A single neuron can have many dendrites plus the cell body, and both can synapse with many other neurons. Typically, a neuron is on the receiving end of many excitatory and inhibitory signals. An excitatory neurotransmitter produces a potential change called a signal that drives the polarity of a neuron closer to an action potential; an inhibitory neurotransmitter produces a signal that drives the polarity of a neuron farther from an action potential. Excitatory signals have a depolarizing effect, and inhibitory signals have a hyperpolarizing effect. Neurons integrate these incoming signals.
Integration is the summing up of excitatory and inhibitory signals. If a neuron receives many excitatory signals (either from different synapses or at a rapid rate from one synapse), chances are, the axon will transmit a nerve impulse. On the other hand, if a neuron receives both inhibitory and excitatory signals, the summing up of these signals may prohibit the axon from firing.
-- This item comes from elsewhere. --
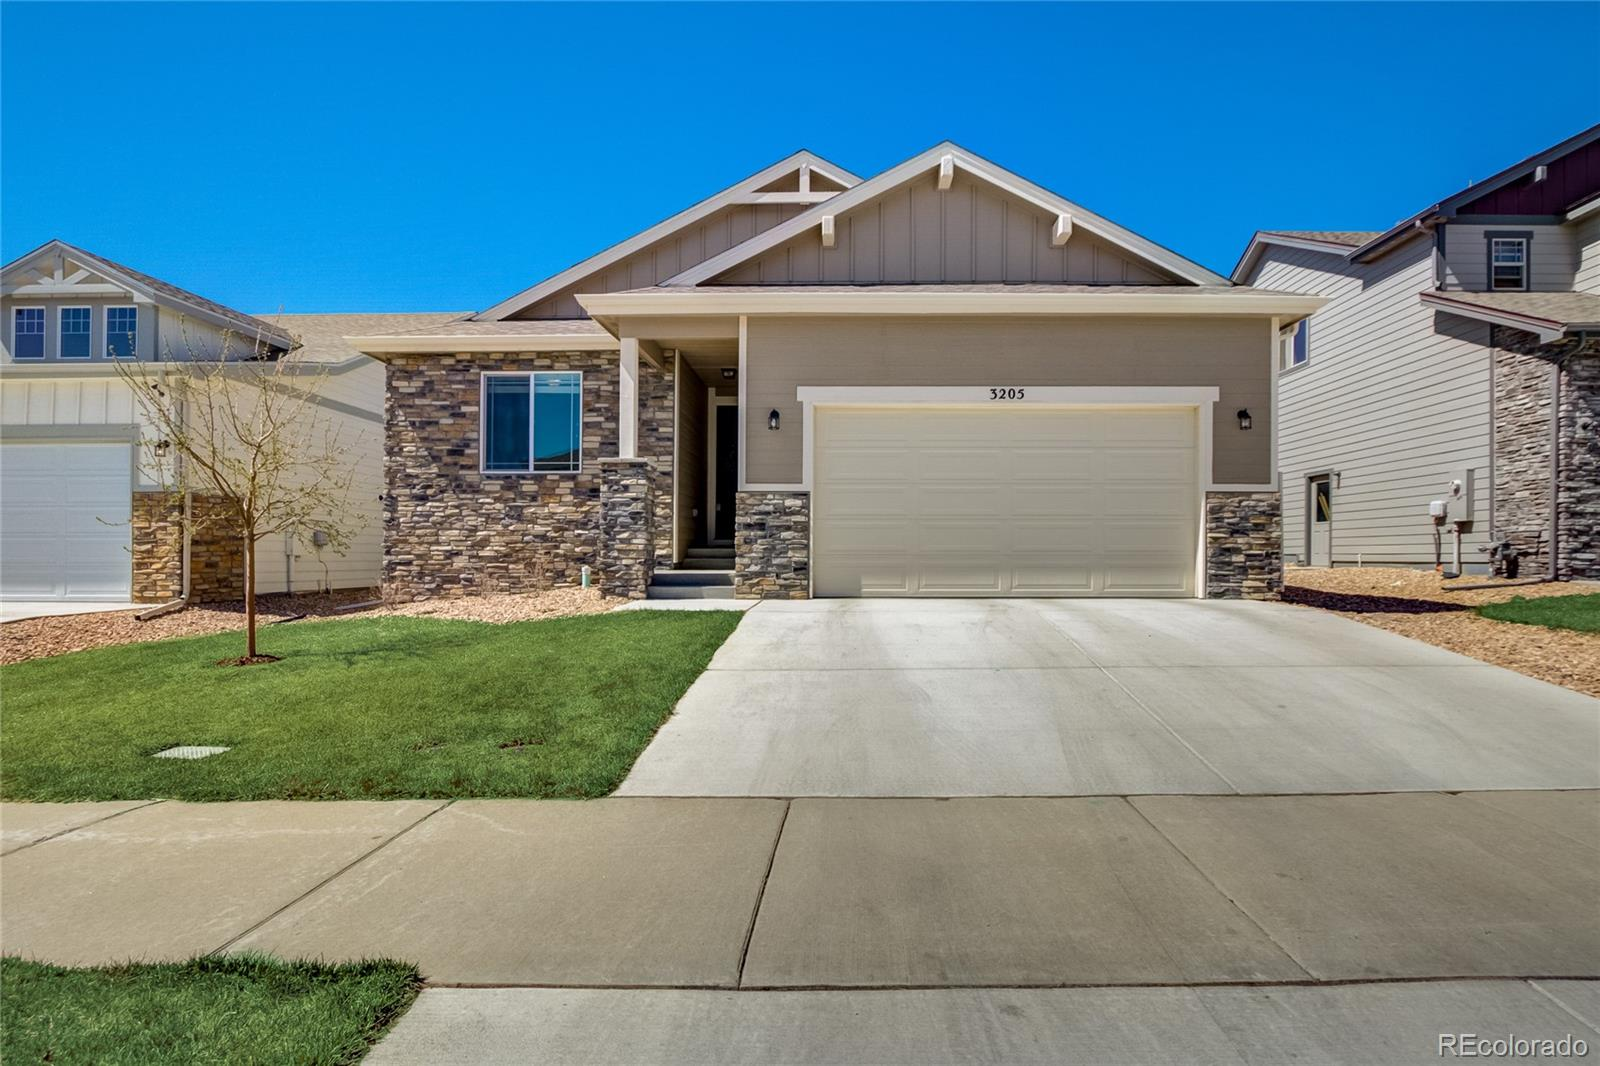 3205 San Carlo Avenue, Evans, CO 80620 - Evans, CO real estate listing

At least 25 different neurotransmitters have been identified, but two very well-known ones are acetylcholine (ACh) and norepinephrine (NE). Once a neurotransmitter has been released into a synaptic cleft and has initiated a response, it is removed from the cleft. In some synapses, the postsynaptic membrane contains enzymes that rapidly inactivate the neurotransmitter. For example, the enzyme acetylcholinesterase (AChE) breaks down acetylcholine. In other synapses, the presynaptic membrane rapidly reabsorbs the neurotransmitter, possibly for repackaging in synaptic vesicles or for molecular breakdown. The short existence of neurotransmitters at a synapse prevents continuous stimulation (or inhibition) of postsynaptic membranes.
Figure 8.5 Synapse structure and function. Transmission across a synapse from one neuron to another occurs when a neurotransmitter is released at the presynaptic membrane, diffuses across a synaptic cleft, and binds to a receptor in the postsynaptic membrane.